# UK Soap and Drama Discussion > Emmerdale > General >  Favourite Character Of All Time

## Bryan

Running between now and Christmas is the chance for all SoapBoards members to vote for there favourite character of all time!

So send me an email or a pm with the name of your three favourite characters of all time, and Emmerdale (Im running this for each soap)) and I'll post the results at christmas time

*PLEASE DONT POST IN THIS THREAD AS IT WILL RUIN THE SURPRISE!*

bb

----------


## EJ2103

Oh come on it has to be paul lambert he's the funniest fittest bloke there is and he plays it well!! Hes so genuine and we love him

----------


## Angeltigger

Brayn said NOT To POST in this thread as it will RUIN THE SURPRISE

----------


## ~charlie-lou~

Paul Lambert!   :Cheer:

----------


## samantha nixon

youre ment to pm or email him not put it in here as like tigs says it ruins it

----------


## Bryan

*Favourite Character Of All Time Is Kim Tate!*

----------


## Jessie Wallace

Oh come on, she's wicked, i loved her, and Claire King

----------


## Abi

erm.....who?!!?!?!?!?

Joking, i've heard of her, i just aint seen her before!

----------


## feelingyellow

i saw some emmerdale programmes with her on and she looked really good! better the sadie anyway

----------


## Jessie Wallace

> erm.....who?!!?!?!?!?
> 
> Joking, i've heard of her, i just aint seen her before!

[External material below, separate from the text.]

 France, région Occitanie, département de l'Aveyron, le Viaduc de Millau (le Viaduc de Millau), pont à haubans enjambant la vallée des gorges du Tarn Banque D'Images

She was brilliant, way better than Sadie.

----------


## Richie_lecturer

Annie Sugden

Amos Beardley

Seth Armstrong

Kim Tate

----------


## ~charlie-lou~

> She was brilliant, way better than Sadie.


 Who _isn't_  better than Sadie?   :Roll Eyes (Sarcastic):

----------


## Richie_lecturer

Even Tricia's flattened tree is better than Sadie.

----------


## feelingyellow

> Even Tricia's flattened tree is better than Sadie.


  :Rotfl:  so harsh yet so true   :Stick Out Tongue:

----------


## Richie_lecturer

Hopefully there'll be a mini version of the Emmerdale plane crash, when Daz throws a paper aeroplane into the path of Sadie while driving.  She then swerves to avoid the object but goes off the road and careers straight into a pile of horse manure.

----------


## feelingyellow

> Hopefully there'll be a mini version of the Emmerdale plane crash, when Daz throws a paper aeroplane into the path of Sadie while driving.  She then swerves to avoid the object but goes off the road and careers straight into a pile of horse manure.


Lmao! I want that to happen ... shall we start a petition   :Stick Out Tongue:  

That took 4 minutes to come up with that! Tut tut   :Stick Out Tongue:  I expect critism on the dot   :Stick Out Tongue:

----------


## Richie_lecturer

I didn't put any thinking to it.  

I spent 2 and a half of those minutes thinking about the wonderful Kim Tate, and the other 90 seconds devising the downfall of Sadie King.

----------


## feelingyellow

> I didn't put any thinking to it.  
> 
> I spent 2 and a half of those minutes thinking about the wonderful Kim Tate, and the other 90 seconds devising the downfall of Sadie King.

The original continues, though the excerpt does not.